9 January 2020 – Expansión
Altogether Spain’s Socimis have a market capitalisation of €28 billion, having seen their value on the stock market soar by 60% in 3 years, according to a report compiled by Gloval Building Value.
The two largest Socimis, Merlin and Colonial, which are both listed on the Ibex, account for more than 40% of that total, with a combined market capitalisation of €12 billion and asset portfolios of €12.4 billion and €11.8 billion, respectively. They are followed by General de Galerías Comerciales (GGC), with a market capitalisation of €3.7 billion; GMP (€1.1 billion); Testa (€850 million) and Castellana Property (€600 million). The latter four all trade on the Alternative Investment Market (MAB).

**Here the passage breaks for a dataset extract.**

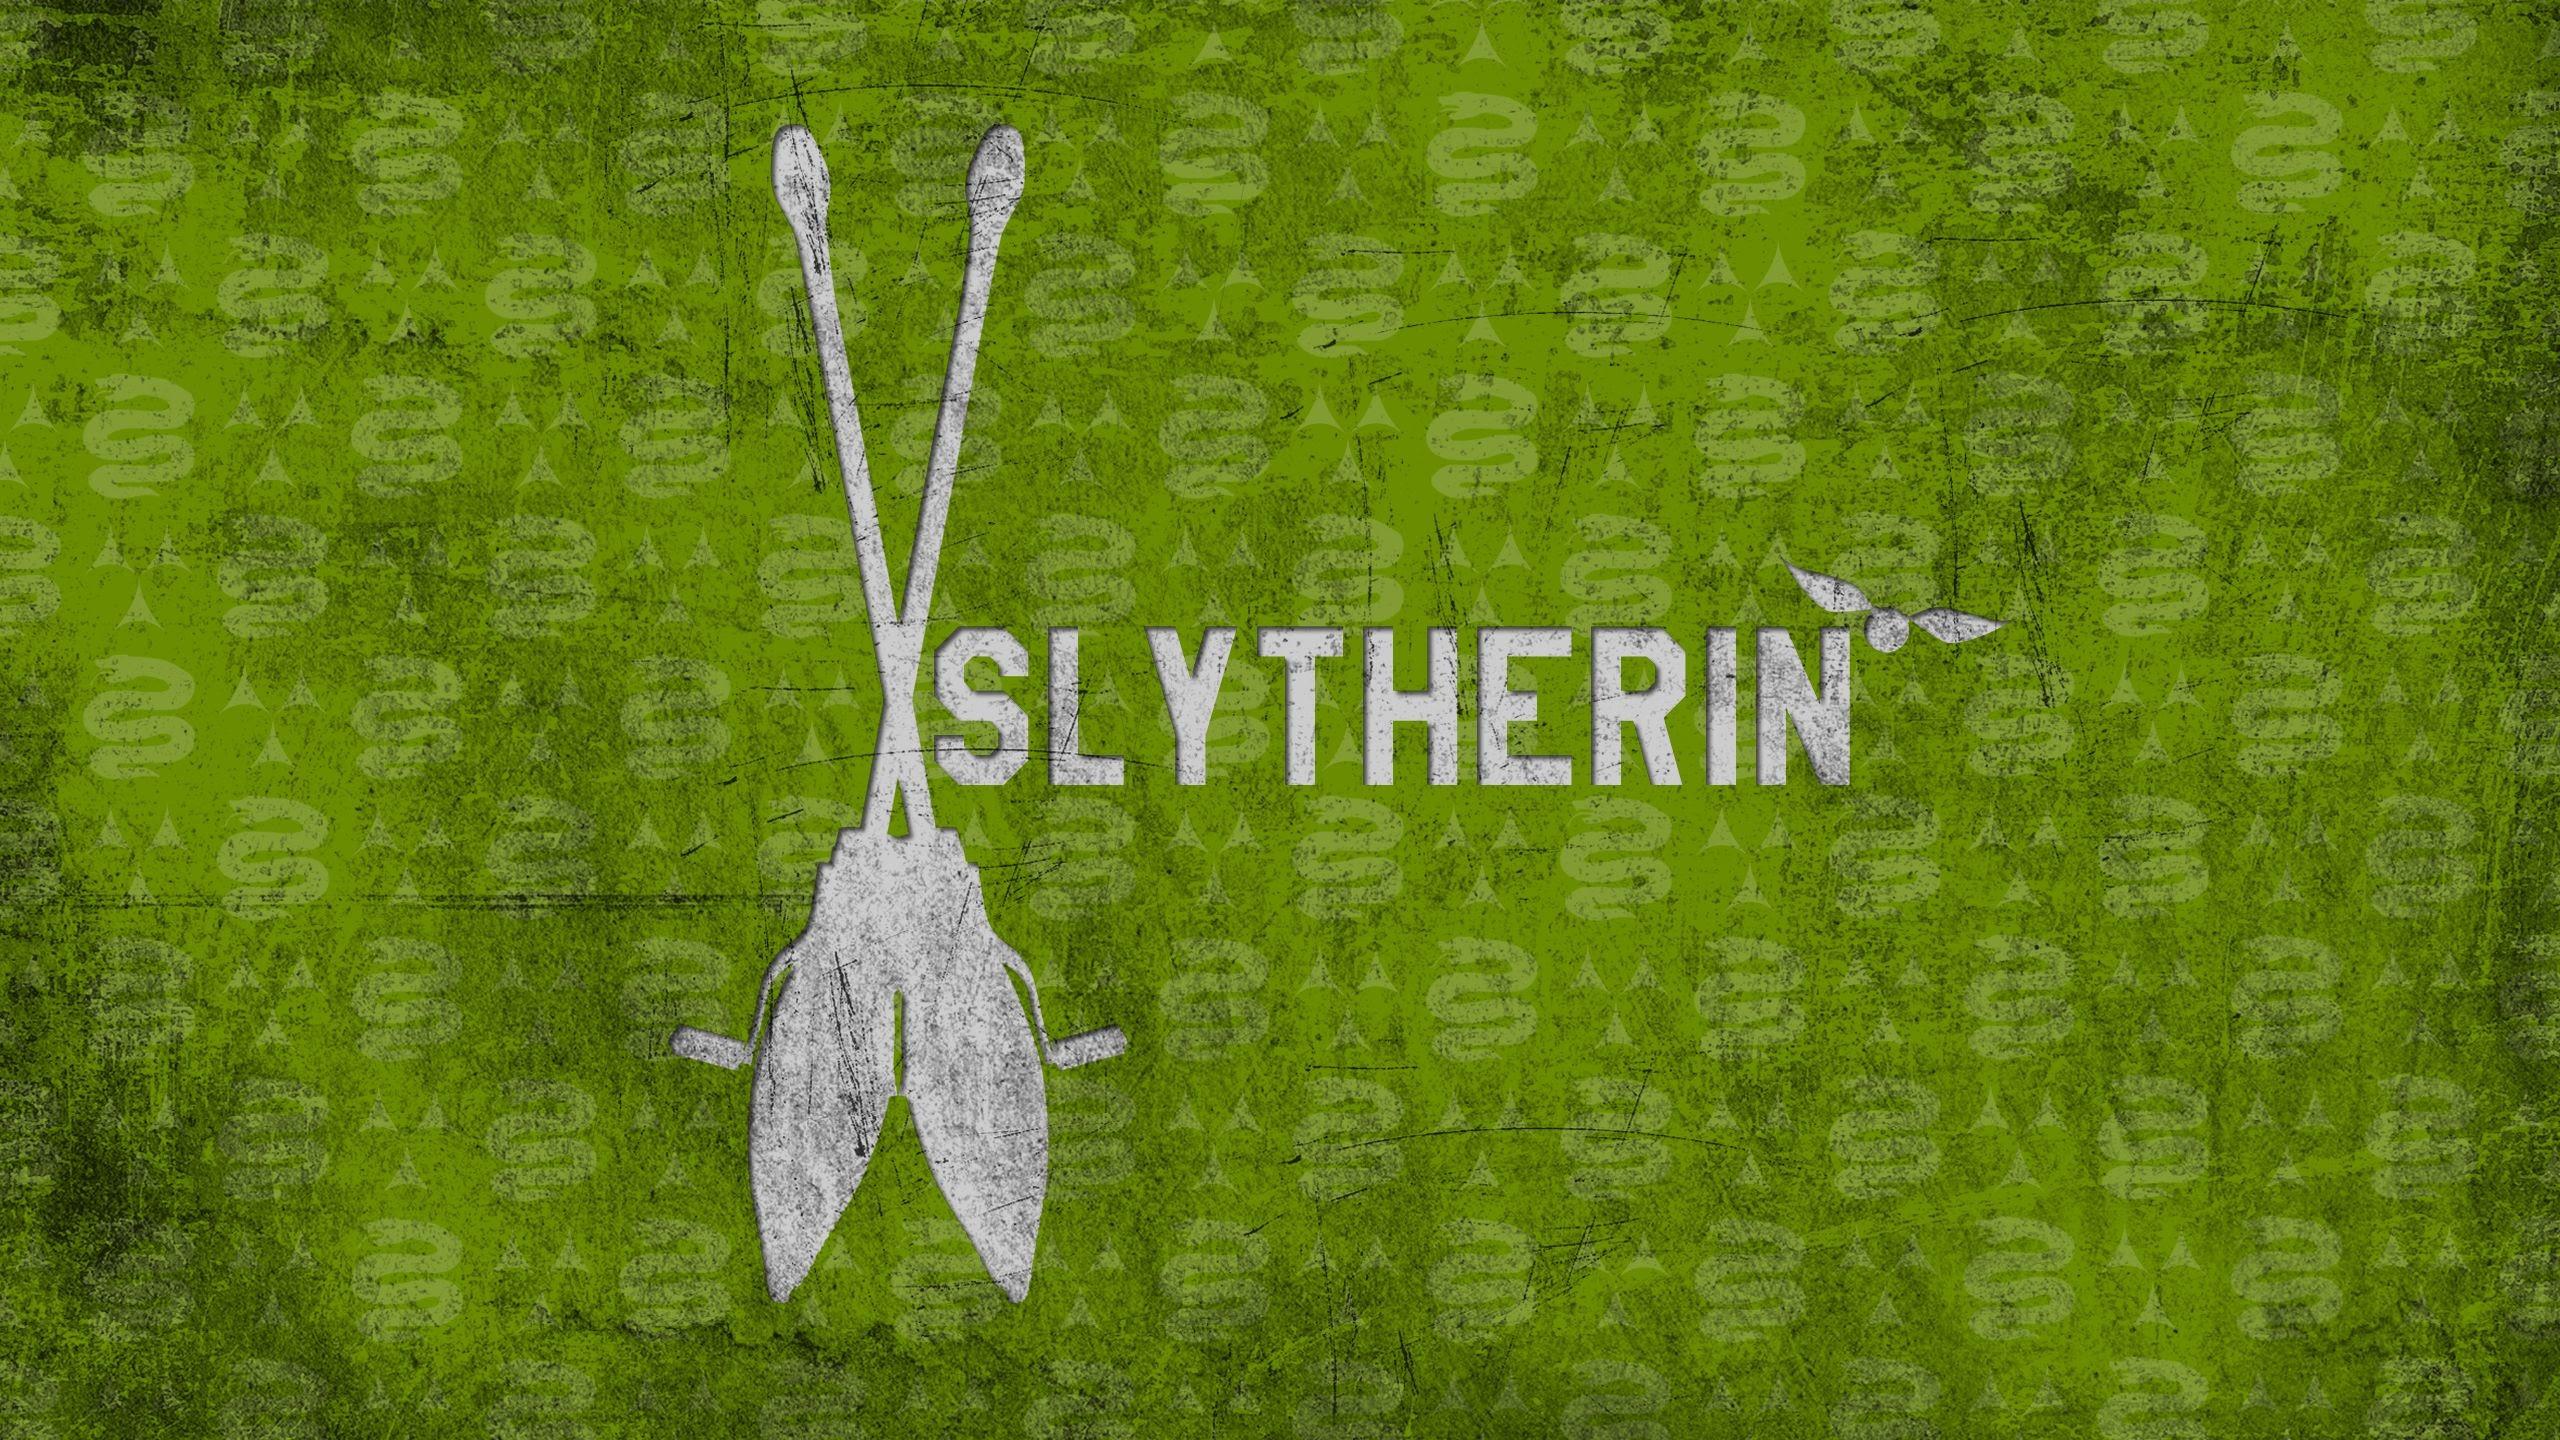 Aesthetic Harry Potter Wallpaper Slytherin Wallpaper Hd New

The specialist real estate companies (Socimis) first began to take off in Spain in 2012 following a legislative change that afforded their shareholders tax benefits. In the last 7 years, more than 80 Socimis have joined the MAB and more still are expected to make their debuts over the coming years.
Just two of the major Socimis have disappeared in that time: Hispania, which was acquired by Blackstone and merged with HI Partners; and Axiare, which was absorbed by Colonial in 2018. Finally, four smaller Socimis have been excluded from trading (Bay, Kingbook, Colón and Autonomy) and one (Promorent) has transferred to the Expanding Companies segment.